1. Treat these instructions as cross register class copies. The src
and dst classes are different (VR128 and FR32) but "compatible".

This seems reasonable.

2. Model it as extract_subreg which coalescer can eliminate.

#2 is conceptually correct. The problem is 128 bit XMM0 is the same
register as 32 bit (or 64 bit) XMM0. So it's not possible to define
the super-register / sub-register relationship.

I'm not seeing how this is "conceptually correct." It's a vector extract, not
a subregister. It's just that we want to reuse the same register.

It is though. Sub-register is a machine specific concept. It means vector_extract can be modeled as subreg_extract on this machine. Nothing is wrong with thatt.

Perhaps the answer is to add vector extract support to the coalescer, in
the same way you added subregister support. I don't understand the nitty
gritty of that, though.

I don't think that's a good idea. Conceptually vector_extract is very different from a move.

That leaves us with #1. I have added support to coalesce cross-class
copies (see CrossClassJoin in SimpleRegisterCoalescing.cpp).

Yep.

As Dan pointed out, #2 is also a workable solution.

Unfortunately, it breaks a few tests and I haven't had the time to
look into them. If that's done, we just need to add the concept of
"compatible register classes" and mark MOVPS2SSrr as a copy and *it
should just work*.

What about getting tblgen support for the pattern in the .td file? That would
be another way to tackle this and would open up a whole bunch of other
opportunities. Instcombine could be entirely expressed as a set of tblgen
patterns, for example, which is desireable from a maintenance perspective
and well as new development. It's much easier to write patterns than to go
through all of the manual examination that currently exists in instcombine.

I don't think that would work. We still have to model the value as being produced by an instruction. So either we have to select it to a target specific instruction or a target independent instruction (i.e. extract_subreg).

After thinking about this some more, I think #2 is a better solution. Adding XMM0_32 etc. teaches codegen that only lower 32-bits of the registers are used. Perhaps this can open up additional optimization opportunities. On the other hand, adding these registers means introducing more aliasing which has compile time implication.

Evan

> I'm not seeing how this is "conceptually correct." It's a vector
> extract, not
> a subregister. It's just that we want to reuse the same register.

It is though. Sub-register is a machine specific concept. It means
vector_extract can be modeled as subreg_extract on this machine.
Nothing is wrong with thatt.

I didn't mean to imply anything was "wrong." It just strikes me as kind of
strange, in a mind-warping kind of way. :slight_smile:

> Perhaps the answer is to add vector extract support to the
> coalescer, in
> the same way you added subregister support. I don't understand the
> nitty
> gritty of that, though.

I don't think that's a good idea. Conceptually vector_extract is very
different from a move.

Ok, I agree.

>> That leaves us with #1. I have added support to coalesce cross-class
>> copies (see CrossClassJoin in SimpleRegisterCoalescing.cpp).
>
> Yep.

As Dan pointed out, #2 is also a workable solution.

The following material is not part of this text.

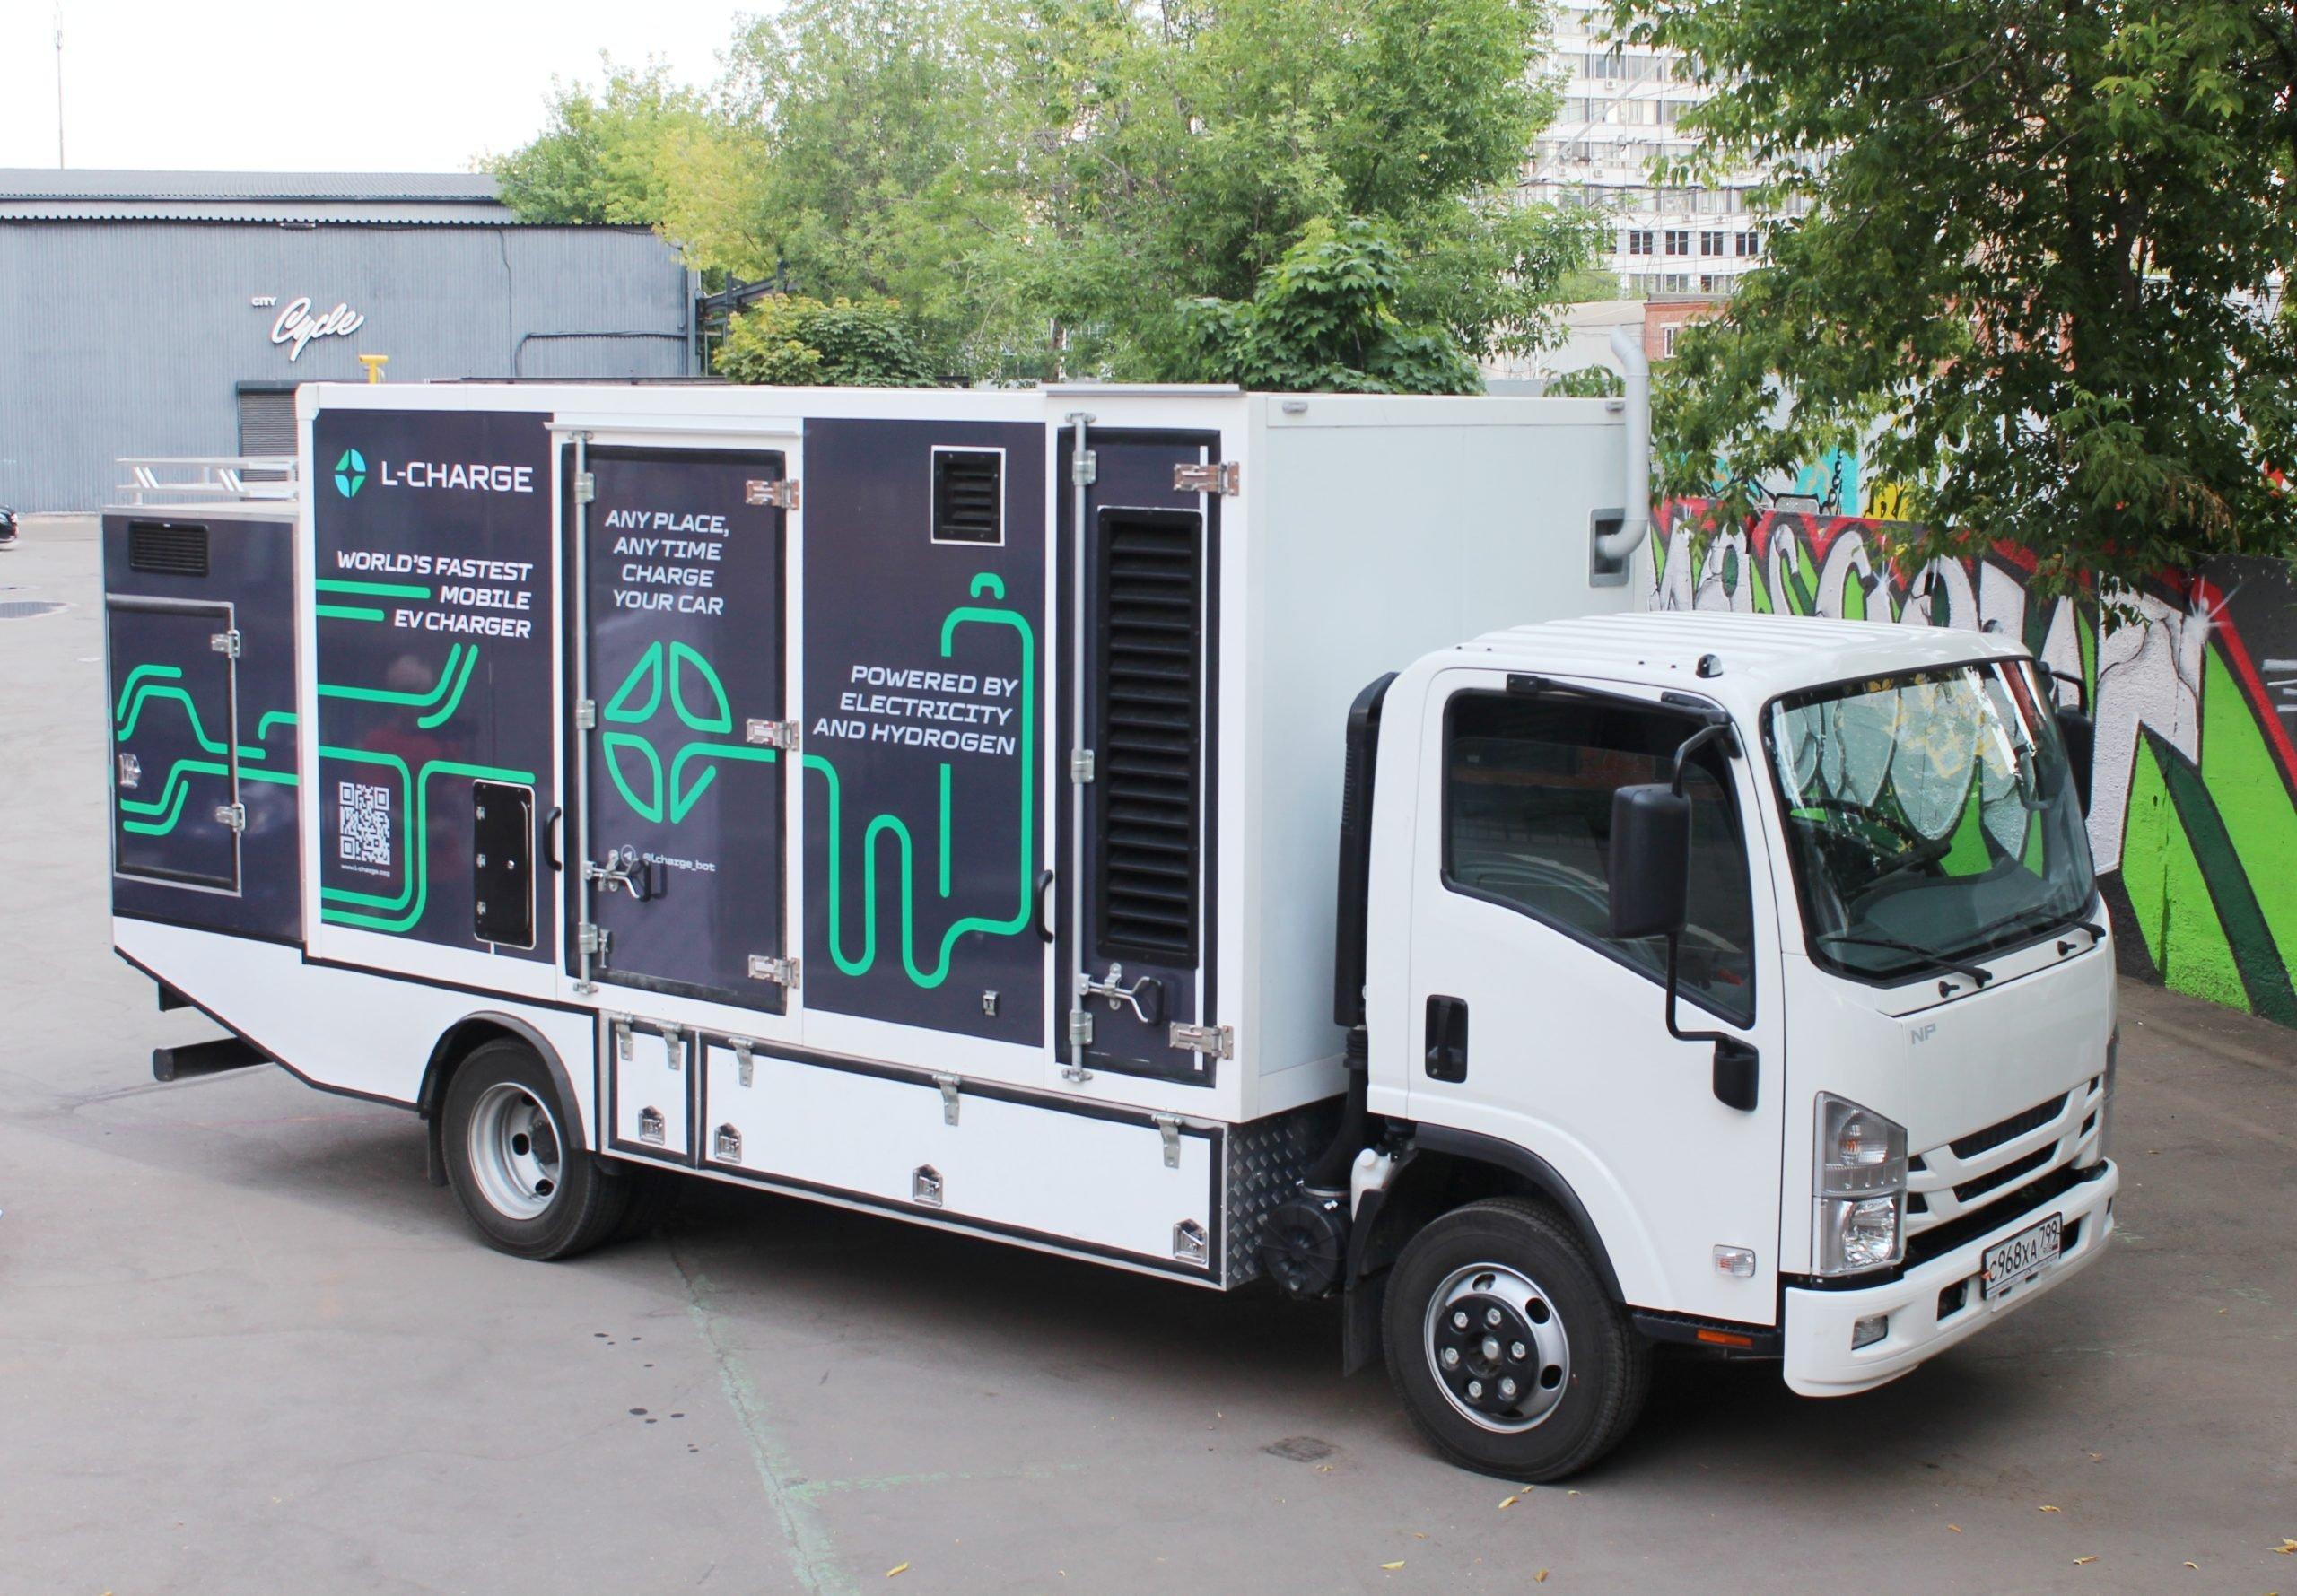 Компания L-Charge представила самую быструю мобильную зарядку для электромобилей

Yes, I like Dan's proposal.

> What about getting tblgen support for the pattern in the .td file?
> That would
> be another way to tackle this and would open up a whole bunch of other
> opportunities. Instcombine could be entirely expressed as a set of
> tblgen
> patterns, for example, which is desireable from a maintenance
> perspective
> and well as new development. It's much easier to write patterns
> than to go
> through all of the manual examination that currently exists in
> instcombine.

I don't think that would work. We still have to model the value as
being produced by an instruction. So either we have to select it to a
target specific instruction or a target independent instruction (i.e.
extract_subreg).

That's right. The pattern doesn't know if the rest of the vector is going to
be used elsewhere so we need dataflow information and that implies it needs to
be done in the coalescer (or some other transformation pass).

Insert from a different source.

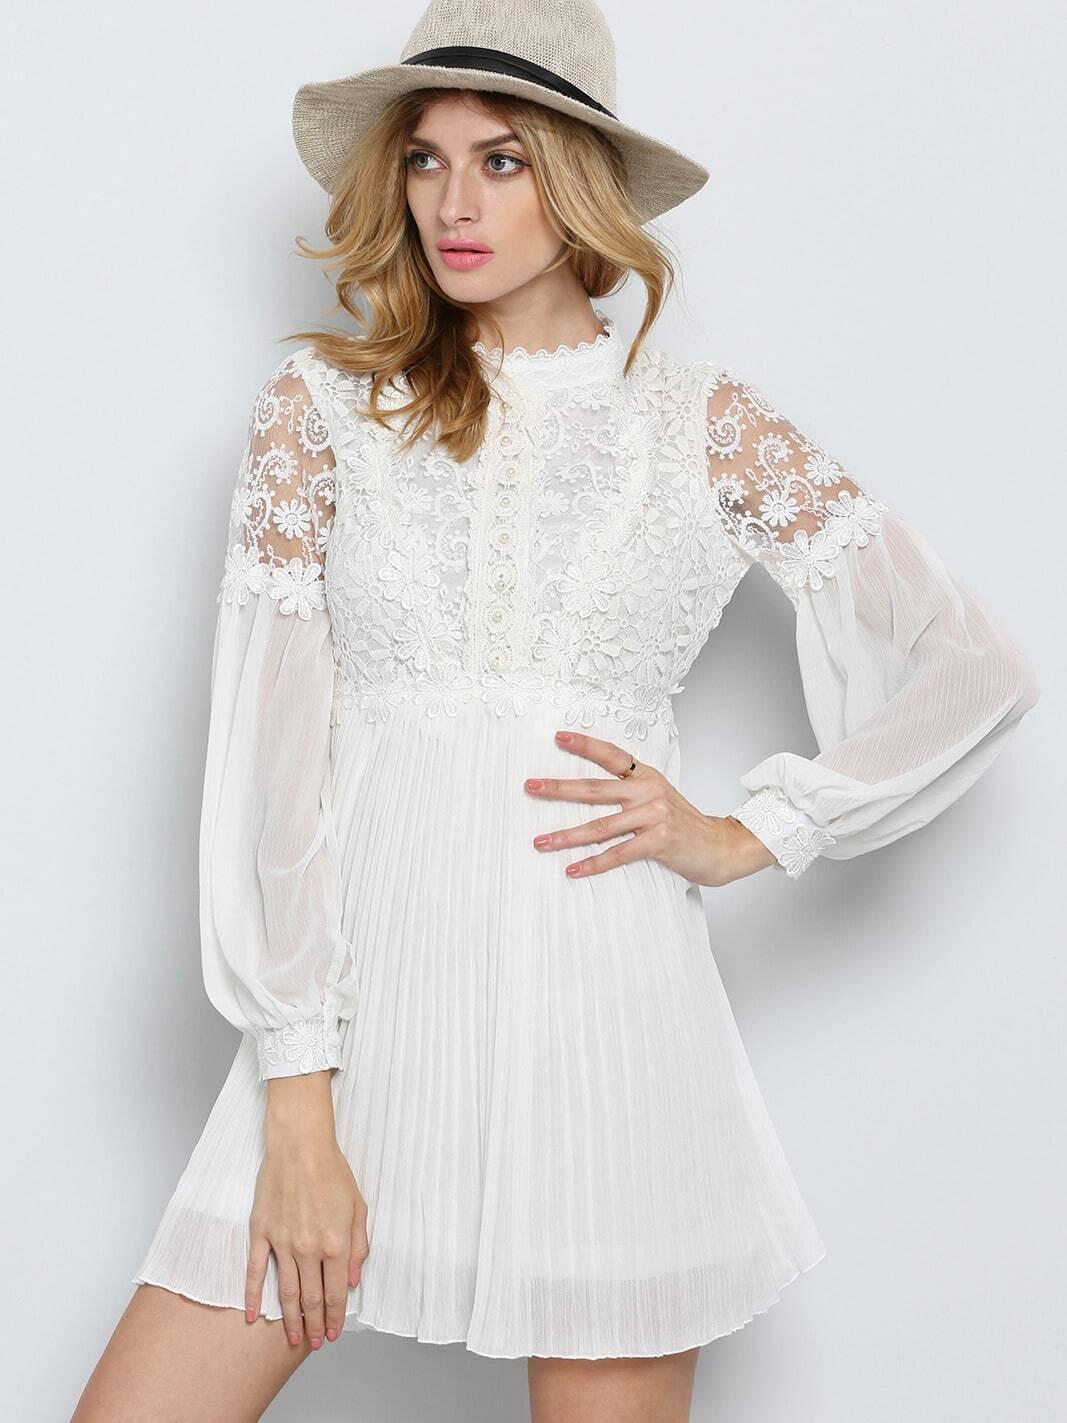 Kleid Langarm mit Stickereien Spitze und Perlen besetzt ...

After thinking about this some more, I think #2 is a better solution.
Adding XMM0_32 etc. teaches codegen that only lower 32-bits of the
registers are used. Perhaps this can open up additional optimization
opportunities. On the other hand, adding these registers means
introducing more aliasing which has compile time implication.

What about XMM0_64? What about things like AVX which applies the GPR aliasing
scheme to vectors? I think this is the right way to go but we need to do
things in a comprehensive way so we can expand as needed.

                                                   -Dave

As Dan pointed out, #2 is also a workable solution.

Yes, I like Dan's proposal.

Hmmm... Perhaps Dan should implement this. :slight_smile:

What about getting tblgen support for the pattern in the .td file?
That would
be another way to tackle this and would open up a whole bunch of other
opportunities. Instcombine could be entirely expressed as a set of
tblgen
patterns, for example, which is desireable from a maintenance
perspective
and well as new development. It's much easier to write patterns
than to go
through all of the manual examination that currently exists in
instcombine.

I don't think that would work. We still have to model the value as
being produced by an instruction. So either we have to select it to a
target specific instruction or a target independent instruction (i.e.
extract_subreg).

That's right. The pattern doesn't know if the rest of the vector is going to
be used elsewhere so we need dataflow information and that implies it needs to
be done in the coalescer (or some other transformation pass).

After thinking about this some more, I think #2 is a better solution.
Adding XMM0_32 etc. teaches codegen that only lower 32-bits of the
registers are used. Perhaps this can open up additional optimization
opportunities. On the other hand, adding these registers means
introducing more aliasing which has compile time implication.

What about XMM0_64? What about things like AVX which applies the GPR aliasing
scheme to vectors? I think this is the right way to go but we need to do
things in a comprehensive way so we can expand as needed.

They will be handled the same way. Please file a bug. We'll get to it.

Thanks,

Evan